Amplicon pileup analysis pipeline

[1/4] Setup environment

Pipeline failures are often due to an improperly configured environment. To ensure a robust and consistent setup for Ampile, I’ve created a dedicated configuration script. To execute the setup:

Install curl if it is not already installed on your system (e.g., sudo apt install curl on Ubuntu).
Connect to internet and execute the below command in terminal:

 bash -c "$(curl -fsSL https://raw.githubusercontent.com/chenh19/Ampile/refs/heads/main/setup.sh)"

Note:

This pipeline is dependent on: R, bwa, fastqc, fastp, samtools, bamtools, parallel, r-tidyverse, r-expss, r-filesstrings, r-foreach, r-doParallel. It can be run in Linux, FreeBSD, and MacOS environments.
The ampile.sh script will verify that all required packages are installed before proceeding with the analysis.
The setup.sh script requires no directory changes, and does not need administrative privileges on Linux.
The pipeline has been tested on Debian 12, Ubuntu 24.04, Kubuntu 24.04, KDE Neon 20250616, Linux Mint 22.1, Zorin OS 17.3, Pop!_OS 22.04, Elementary OS 8, Fedora 42, Rocky Linux 10, AlmaLinux 9, RHEL 8 (UChicago Midway3), CentOS 7 (UChicago Midway2), FreeBSD 14.3, and MacOS Sequoia. If you’re using an unsupported OS or prefer an alternative setup method, please ensure that all required dependencies are installed.

[2/4] Prepare input files

Prepare reference sequences (.fa files) and sequencing reads (.fastq or .fastq.gz files) in a master folder (you may name the folder as desired):

You may also organize the files into the two designated subfolders, ./1.ref/ and ./2.fastq/:

Note:

Example files are provided in the /examples/ folder.
The pipeline will automatically organize input files if they are not already in the two designated subfolders.
The pipeline will also automatically compress sequencing reads to .fastq.gz if they are provided in .fastq format.

[3/4] Running the pipeline

Change current directory to the folder containing the input files (e.g., cd ~/Desktop/Ampile/).
Connect to internet and execute the below command in terminal:

 bash -c "$(curl -fsSL https://raw.githubusercontent.com/chenh19/Ampile/refs/heads/main/ampile.sh)"

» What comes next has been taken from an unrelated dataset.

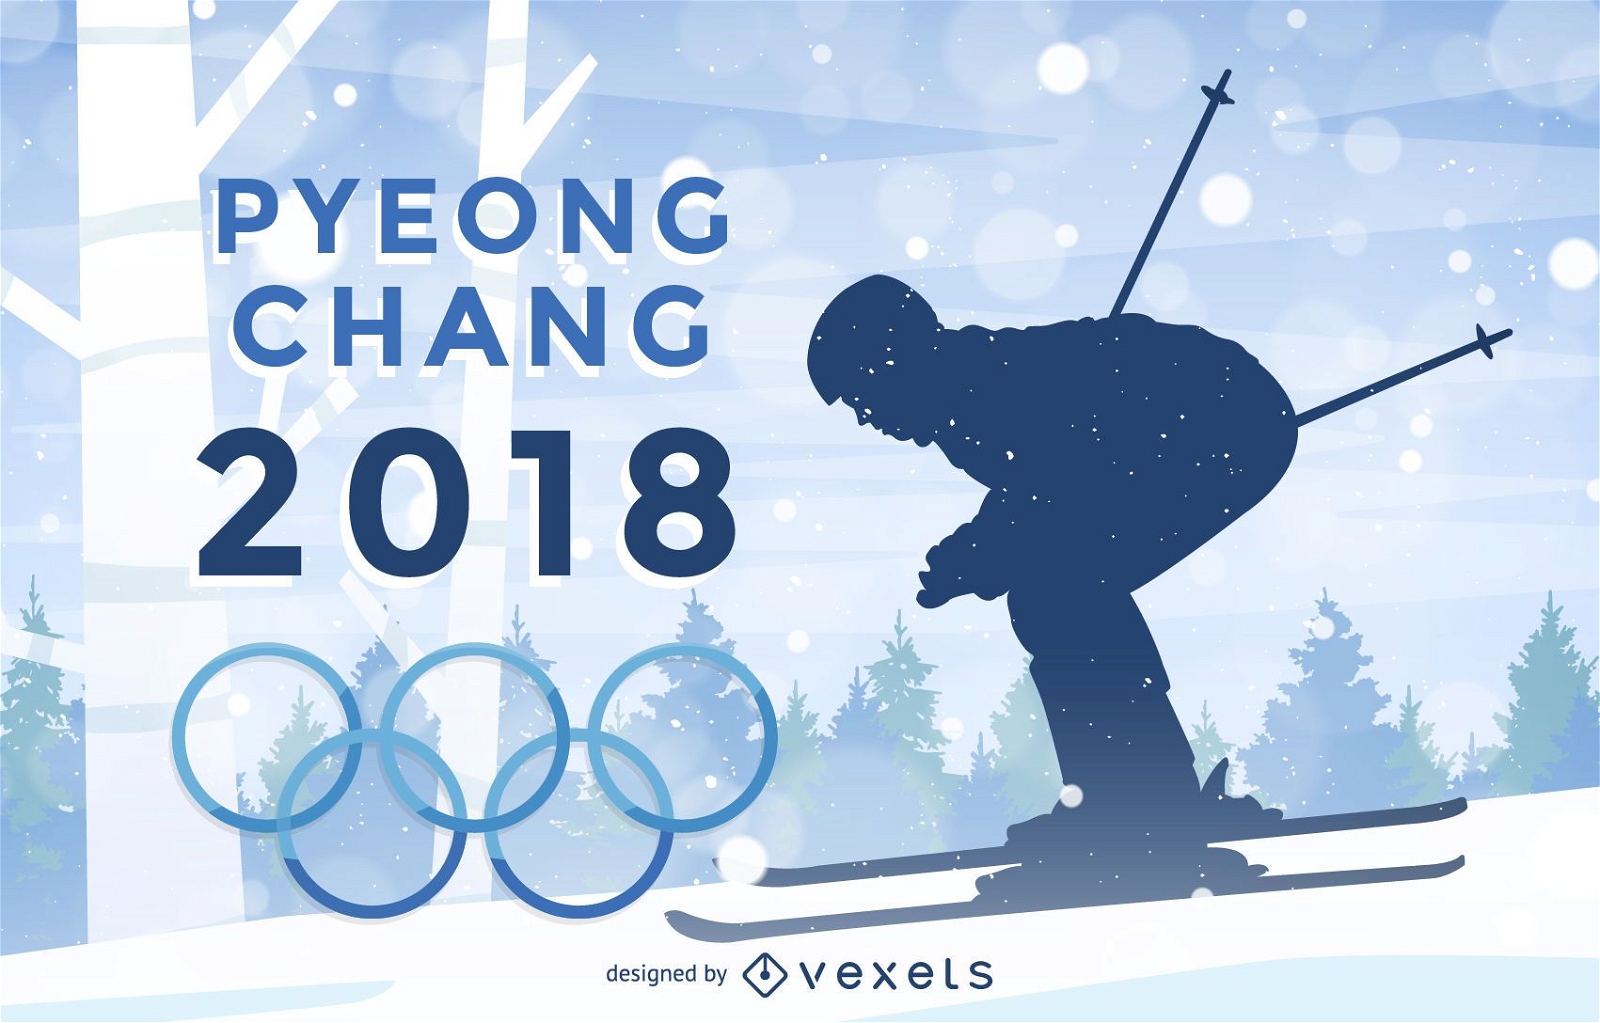 Pyeongchang 2018 Winter Olympics poster

Alternatively, you may download the GitHub repository and place all scripts in the /src/ folder along with the input files to run them manually:

Note:

All scripts assume the master folder as the working directory.
If you are running the scripts manually on Linux, please don’t forget to load conda environment first: source ~/miniconda3/etc/profile.d/conda.sh && conda activate ampile

[4/4] Done

You may further analyze the parsed mutation rates and perform comparative analyses between groups. The corresponding spreadsheets are located at ./3.analysis/8.spreadsheets/2.mutation_rates/.

Note:

The directories ./3.analysis/1.refseq/, ./3.analysis/2.trim/, ./3.analysis/3.bam/, and ./3.analysis/4.mpileup/ contain large intermediate files. You may choose to delete them unless you need them for troubleshooting.